Does $A \preccurlyeq B$ imply that $\|Ax\| \leq \|Bx\|$ for all $x$?
I assume that $A,B$ are symmetric matrices and $A \preccurlyeq B$ denotes that $B-A$ is positive semi-definite. I can see that $A \preccurlyeq B$ implies several related properties, like
- $\|A\|\leq \|B\|$, if $A,B$ are positive semidefinite,
- $\|A^{\frac 1 2} x\| \leq \|B^{\frac 1 2} x\|$.
But does it also imply $\|Ax\| \leq \|Bx\|$ for all $x$? What if we assume both $A,B$ to be positive semidefinite?
$$ A = \begin{pmatrix} -1 & 0 \\ 0 & 0 \end{pmatrix}, B = \begin{pmatrix} 0 & 0 \\ 0 & 1 \end{pmatrix}, x = \begin{pmatrix} 1 \\ 0 \end{pmatrix} $$
No, this is not true. A very simple counter-example is $-I \preccurlyeq 0$, with $I$ being the identity matrix, as $\|-Ix\|=\|x\|>0=\|0x\|$ for $x\neq 0$.

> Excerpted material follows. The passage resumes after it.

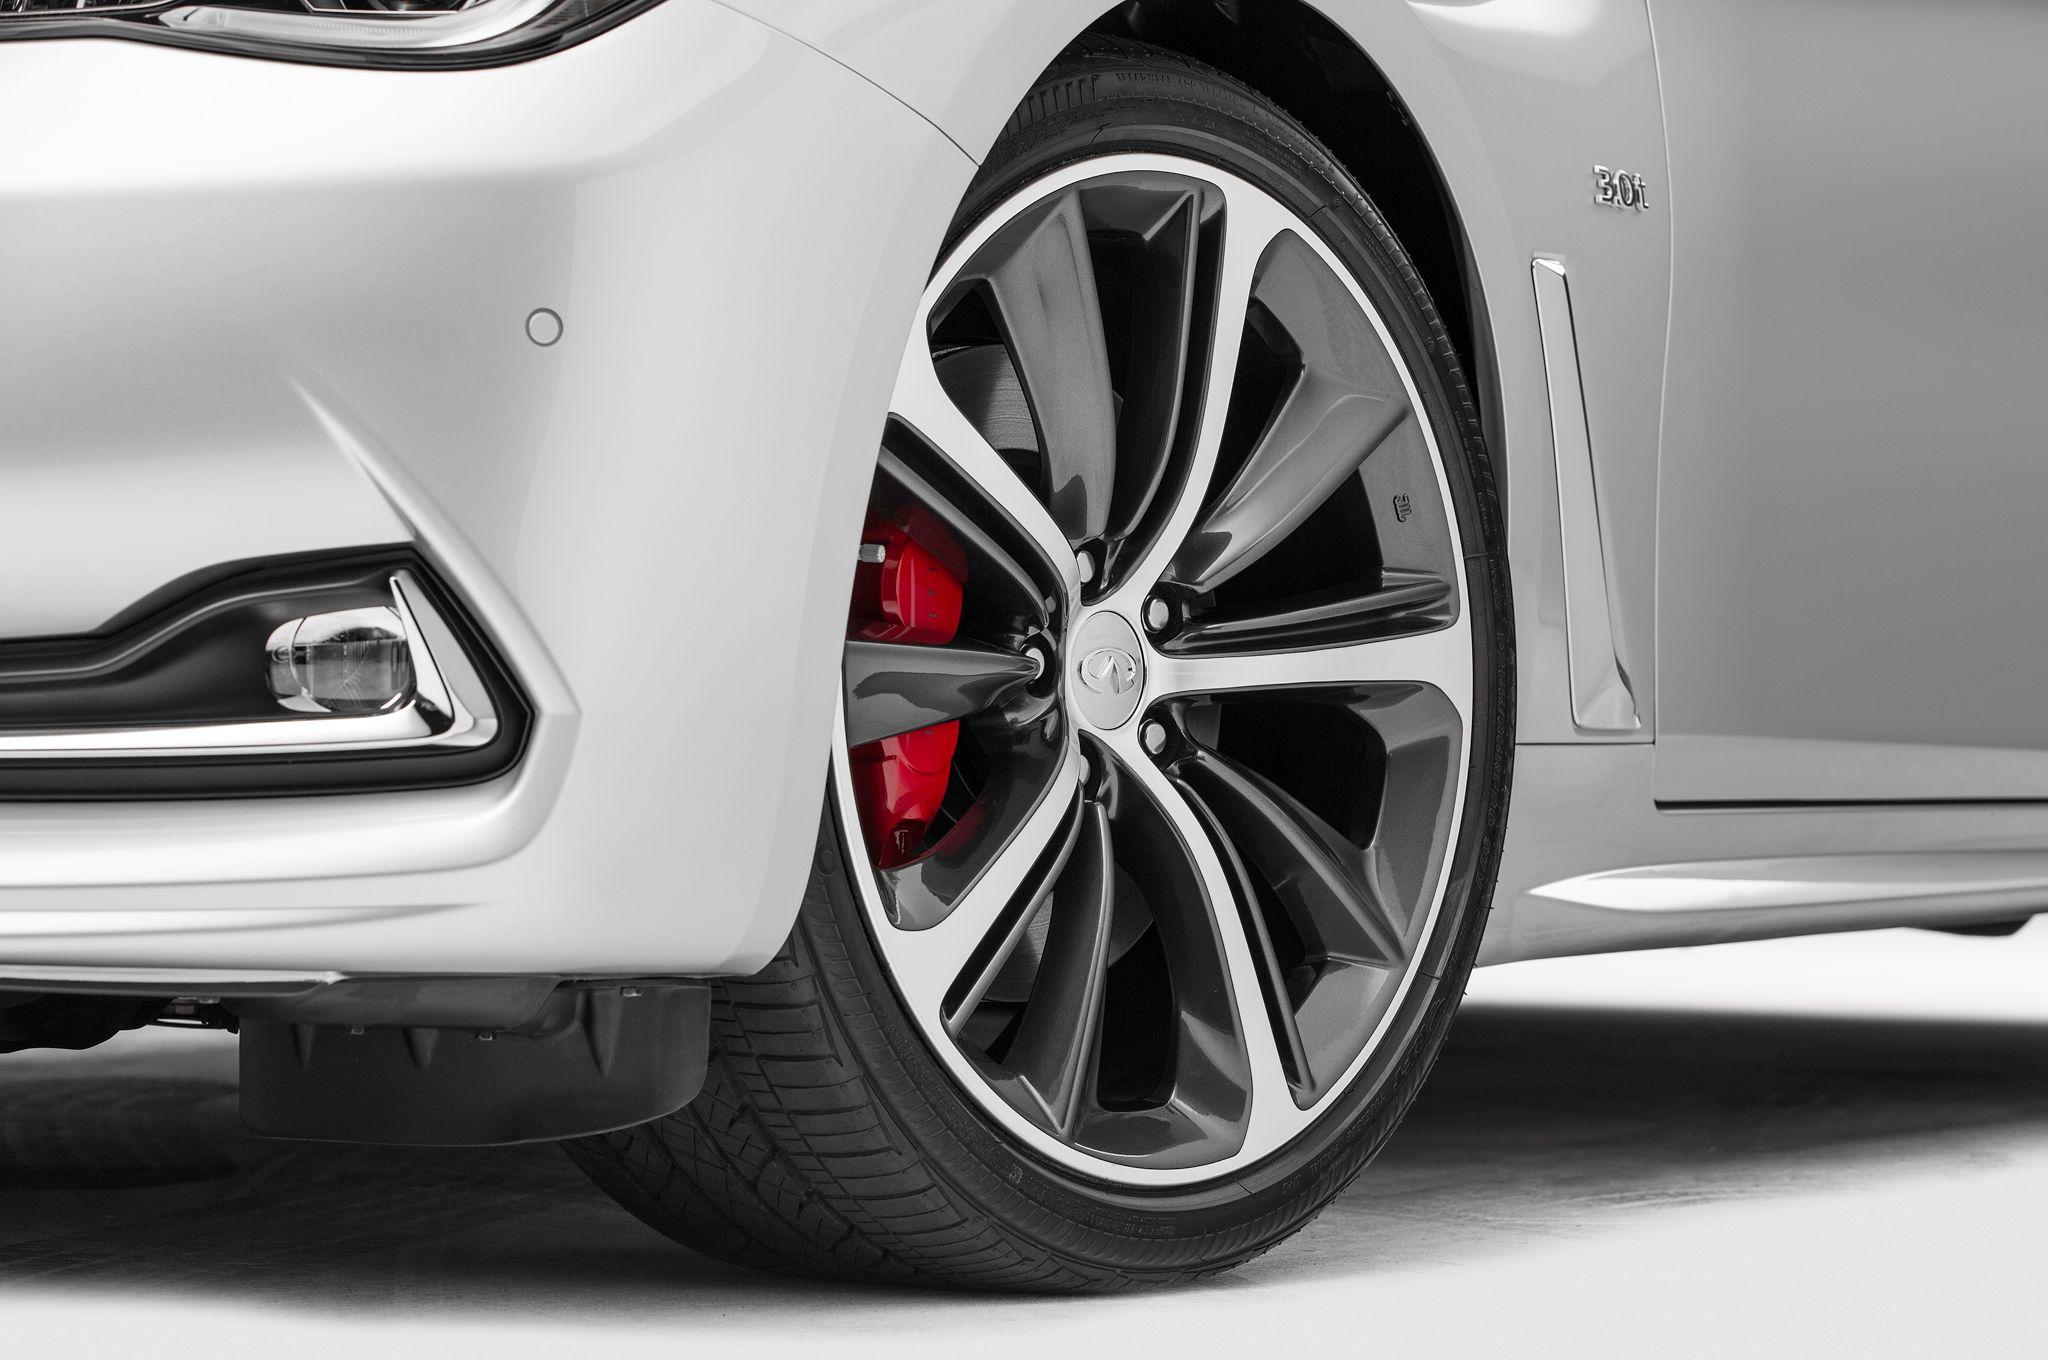 2017-Infiniti-Q60-Coupe-wheels.jpg (2048×1360) | Wheels | Pinterest

It is not true even if we assume both $A$ and $B$ to be positive semi-definite. We have $\|Ax\|\leq\|Bx\|$ for all $x$ if and only if $A^2\preccurlyeq B^2$:
$$ \|Ax\|\leq\|Bx\| \iff x^TA^TAx\leq x^TB^TBx \iff 0\leq x^T(B^2-A^2)x, $$ and there exist $A,B$ positive semidefinite such that $A\preccurlyeq B$, but $A^2\not\preccurlyeq B^2$. An example from another question (swapped $A$ and $B$ to be consistent with the notation here): $$ A = \begin{pmatrix} 1 & -1 \\ -1 & 2 \end{pmatrix} \hspace{1.5cm} B=\begin{pmatrix} 2 & 1 \\ 1 & 7 \end{pmatrix} $$ $$ B^2-A^2 = \begin{pmatrix} 3 & 12 \\ 12 & 45 \end{pmatrix} \hspace{1.5cm} \begin{pmatrix} -4 & 1 \end{pmatrix}\cdot (B^2-A^2) \cdot \begin{pmatrix} -4 \\ 1 \end{pmatrix} = -3$$